▶ **About this task**
Each line of the data below goes into the copy exactly; pictures do not.

▶ **Data provided**
----

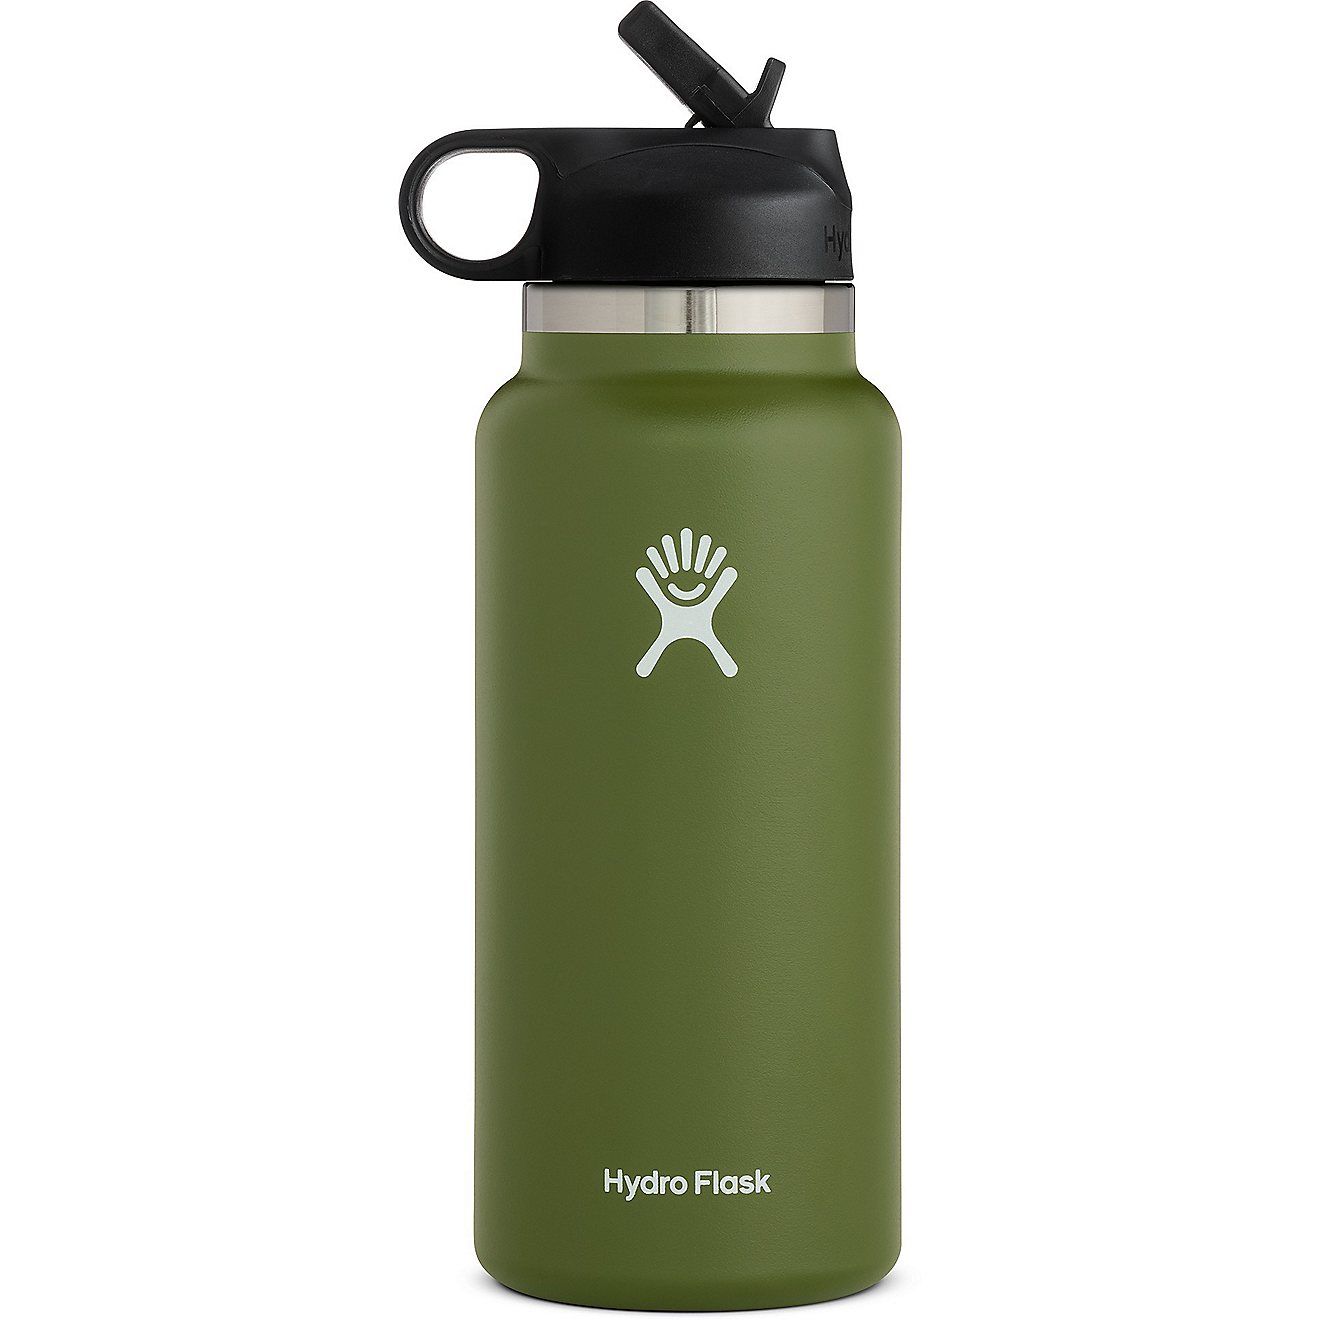 Hydro Flask 32 oz Wide Mouth Bottle 2.0 with Straw Lid | Academy | Academy Sports + Outdoors
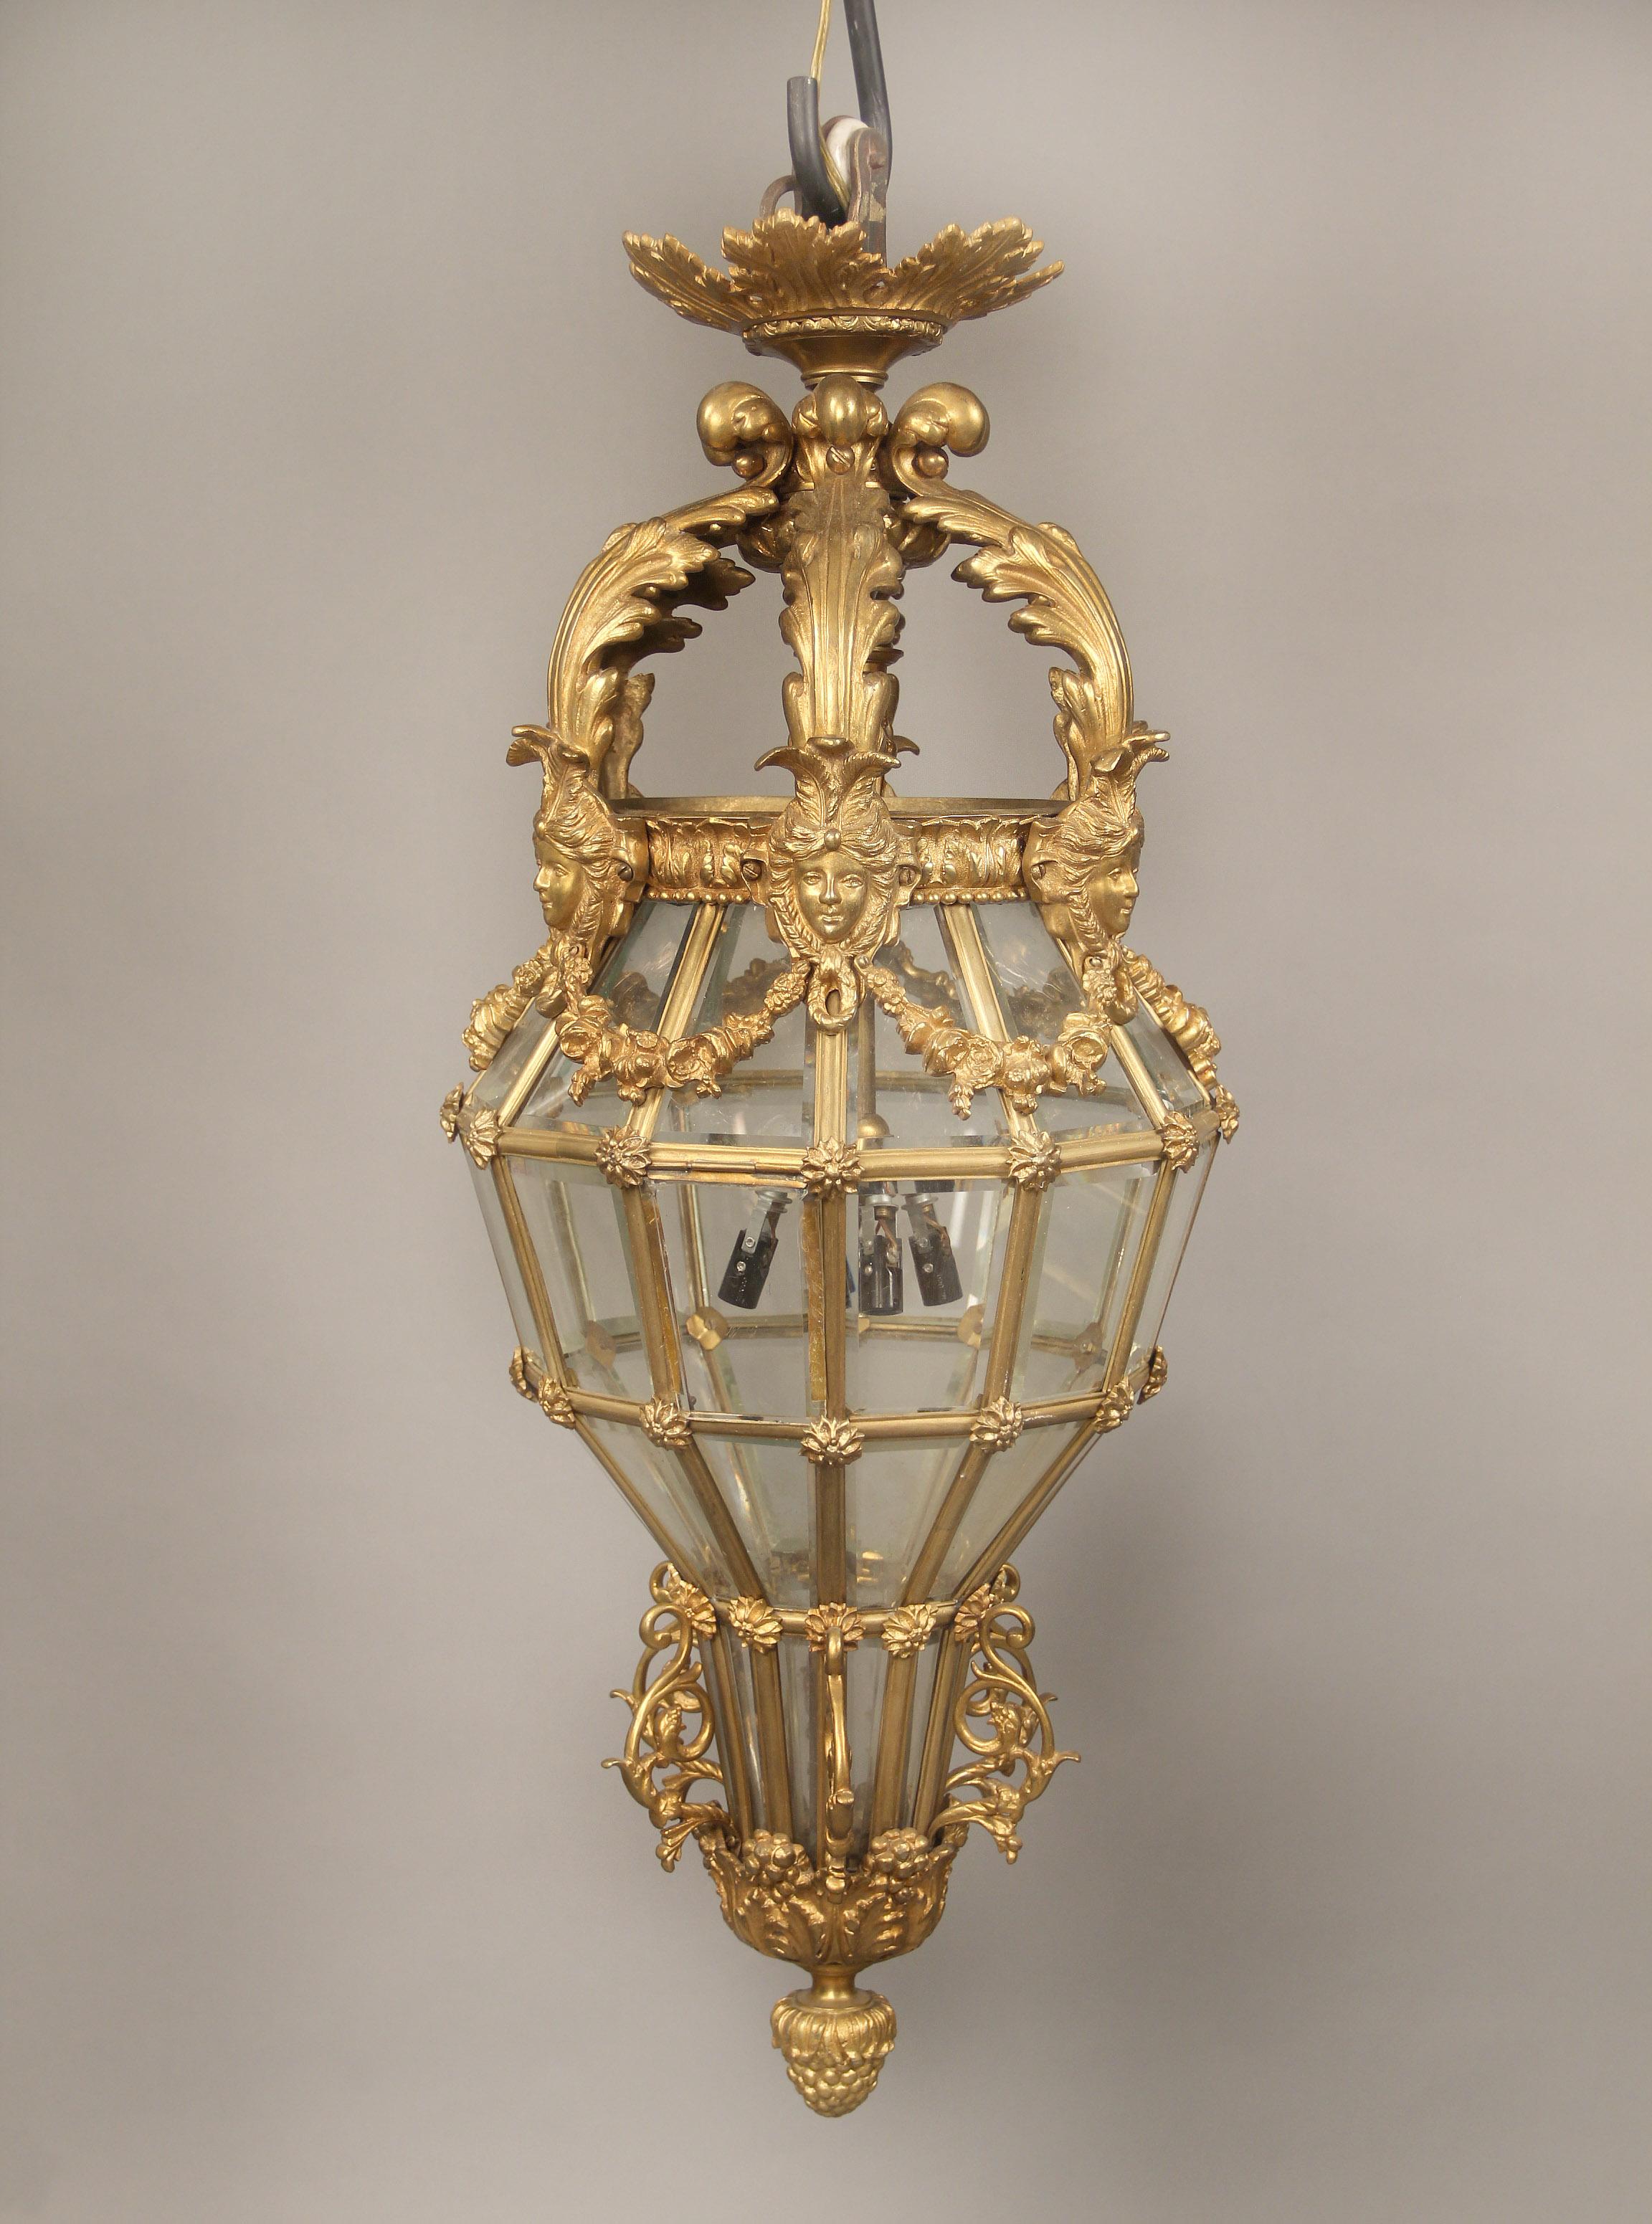 A Fine Late 19th Century Gilt Bronze Figural Lantern

The domed top with six female masks attached with floral swags, above a long shaped body leading to a finished bottom with fruits and an acorn, four interior lights.

----

▶ **Answer below**
 Hydro Flask 32 oz Wide Mouth Bottle 2.0 with Straw Lid | Academy | Academy Sports + Outdoors
 A Fine Late 19th Century Gilt Bronze Figural Lantern

The domed top with six female masks attached with floral swags, above a long shaped body leading to a finished bottom with fruits and an acorn, four interior lights.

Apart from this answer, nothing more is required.